1. `gunzip` it or `zcat` into the next command
2. `grep -v "##" All_20161122.vcf | cut -d $'\t' -f 3 > rsids.txt`
3. `cat` it into `pybel_tools` namespace builder

## Output

In [4]:
%%time
with open(os.path.expanduser('~/Downloads/rsids.txt')) as dbsnp_snps, open(dbsnp_out_path, 'w') as o:
    _ = next(dbsnp_snps)  # Throw out header
    
    write_namespace(
        "dbSNP Common SNPs", 
        "dbSNP", 
        "Gene and Gene Products", 
        'Charles Tapley Hoyt', 
        dbsnp_url, 
        dbsnp_snps,
        namespace_description="SNP List acquired from dbSNP",
        namespace_species='9606',
        author_copyright='WTF License',
        functions="G",
        author_contact="charles.hoyt@scai.fraunhofer.de",
        output=f
    )

# Data from ENSEMBL

In [2]:
ensembl_url = "http://www.ensembl.org/biomart/martview/8335b18c43ef6a646d303cdba04299ce?VIRTUALSCHEMANAME=default&ATTRIBUTES=hsapiens_snp.default.snp.refsnp_id|hsapiens_snp.default.snp.refsnp_source|hsapiens_snp.default.snp.chr_name|hsapiens_snp.default.snp.chrom_start|hsapiens_snp.default.snp.chrom_end&FILTERS=&VISIBLEPANEL=resultspanel"

In [5]:
ensembl_out_path = os.path.expanduser('~/Downloads/ensembl_snps.belns')

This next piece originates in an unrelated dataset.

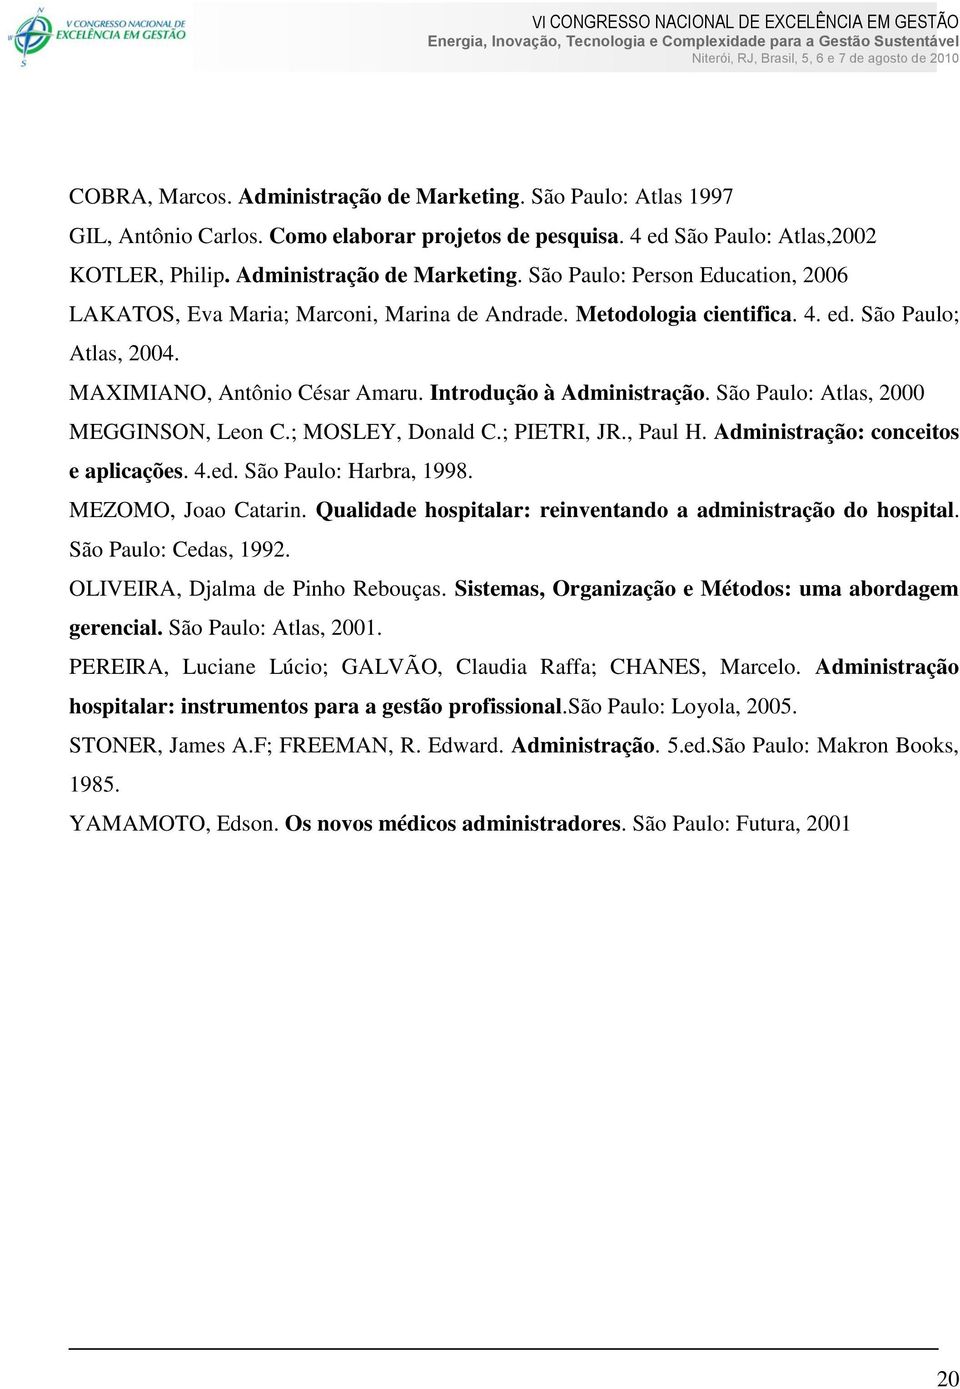 Administração: conceitos e aplicações. 4.ed. São Paulo: Harbra, 1998. MEZOMO, Joao Catarin. Qualidade hospitalar: reinventando a administração do hospital. São Paulo: Cedas, 1992.
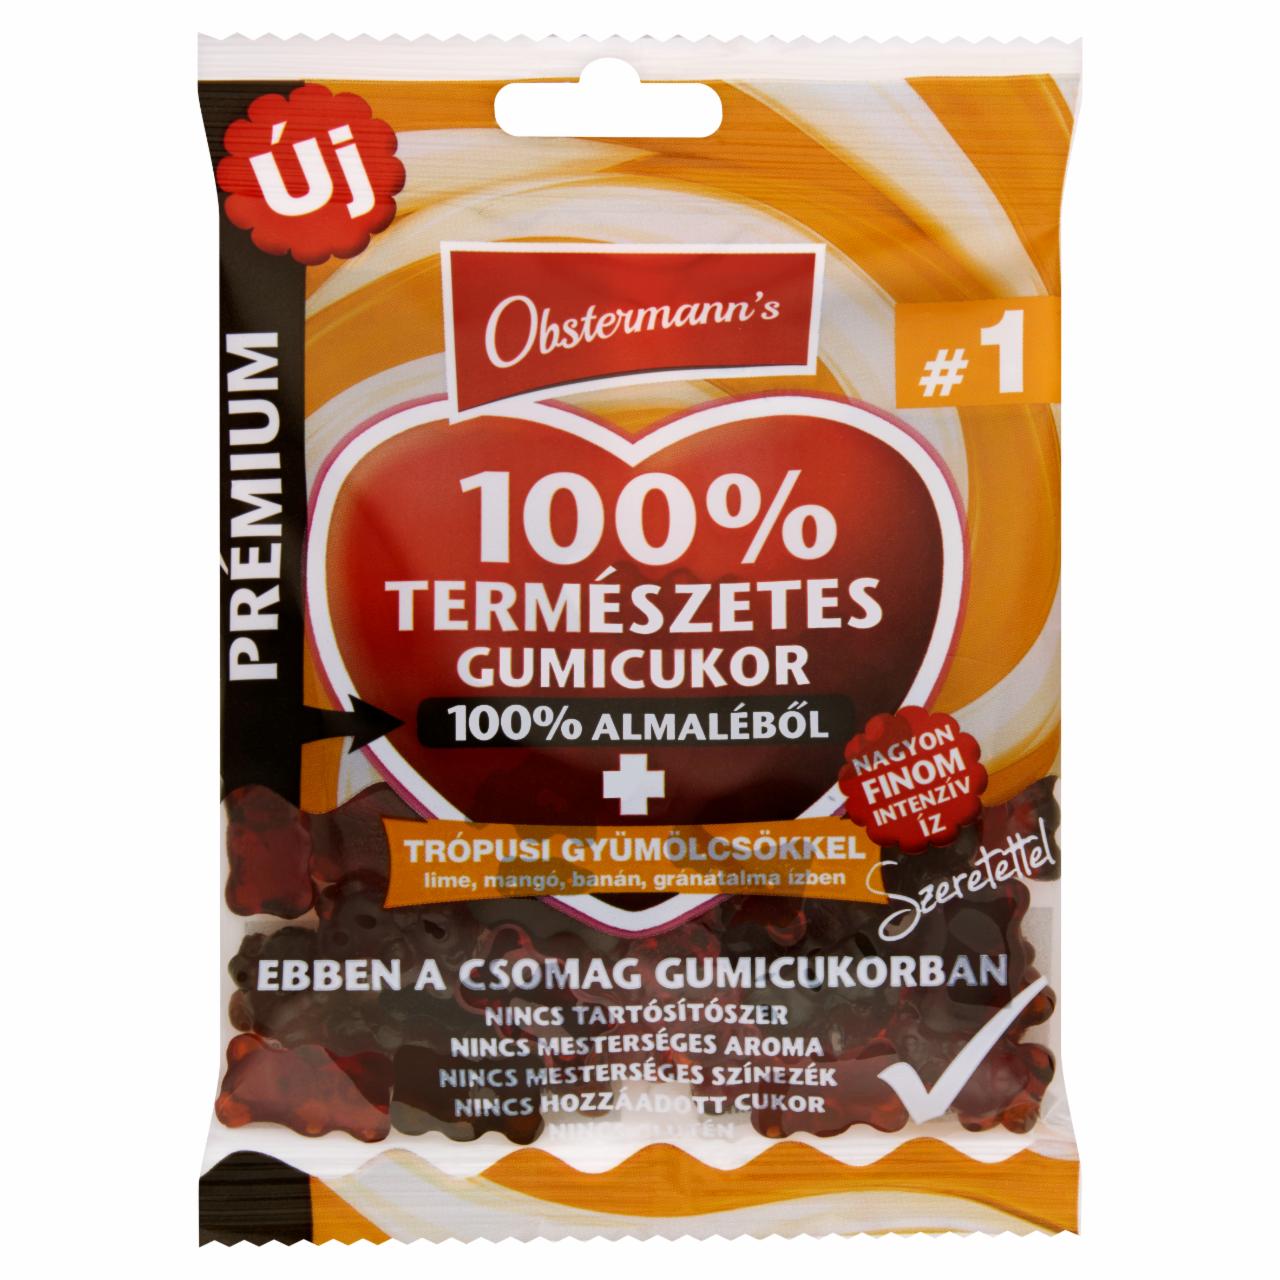 Képek - Obstermann's Prémium 100% természetes gumicukor trópusi gyümölcsökkel 80 g

It's also possible to download the list of SNPs in ENSEMBL. Their data download service is also slow, and often crashes when trying to dump this database.

In [4]:
%%time
res = requests.get(url)
res.status_code

CPU times: user 15.7 ms, sys: 5.63 ms, total: 21.3 ms
Wall time: 210 ms


In [5]:
ensembl_snps = res.content.decode('utf-8').split('\n')

## Output

The `buildns` command in `pybel_tools` takes a list of items on stdin and the appropriate annotations as arguments to write a `*.belns` file conforming to the [specification](openbel-framework.readthedocs.io/en/latest/tutorials/building_custom_namespaces.html) from the OpenBEL Framework

In [6]:
%%time
with open(ensembl_out_path, 'w') as f:
    write_namespace(
        "Ensembl SNPS", 
        "EnsblSNP", 
        "Gene and Gene Products", 
        'Charles Tapley Hoyt', 
        ensembl_url, 
        ensembl_snps,
        namespace_description="SNP List acquired from Ensembl",
        namespace_species='9606',
        author_copyright='WTF License',
        functions="G",
        author_contact="charles.hoyt@scai.fraunhofer.de",
        file=f
    )

CPU times: user 1.45 ms, sys: 1.34 ms, total: 2.79 ms
Wall time: 2.97 ms


# Conclusions

There are multiple databases containing SNPs. Some are curated and others are not, and they all contain different annotations for different purposes. There are many other sources that also contain these data, such as the Affymetrix and Illumina sequence probe manifests.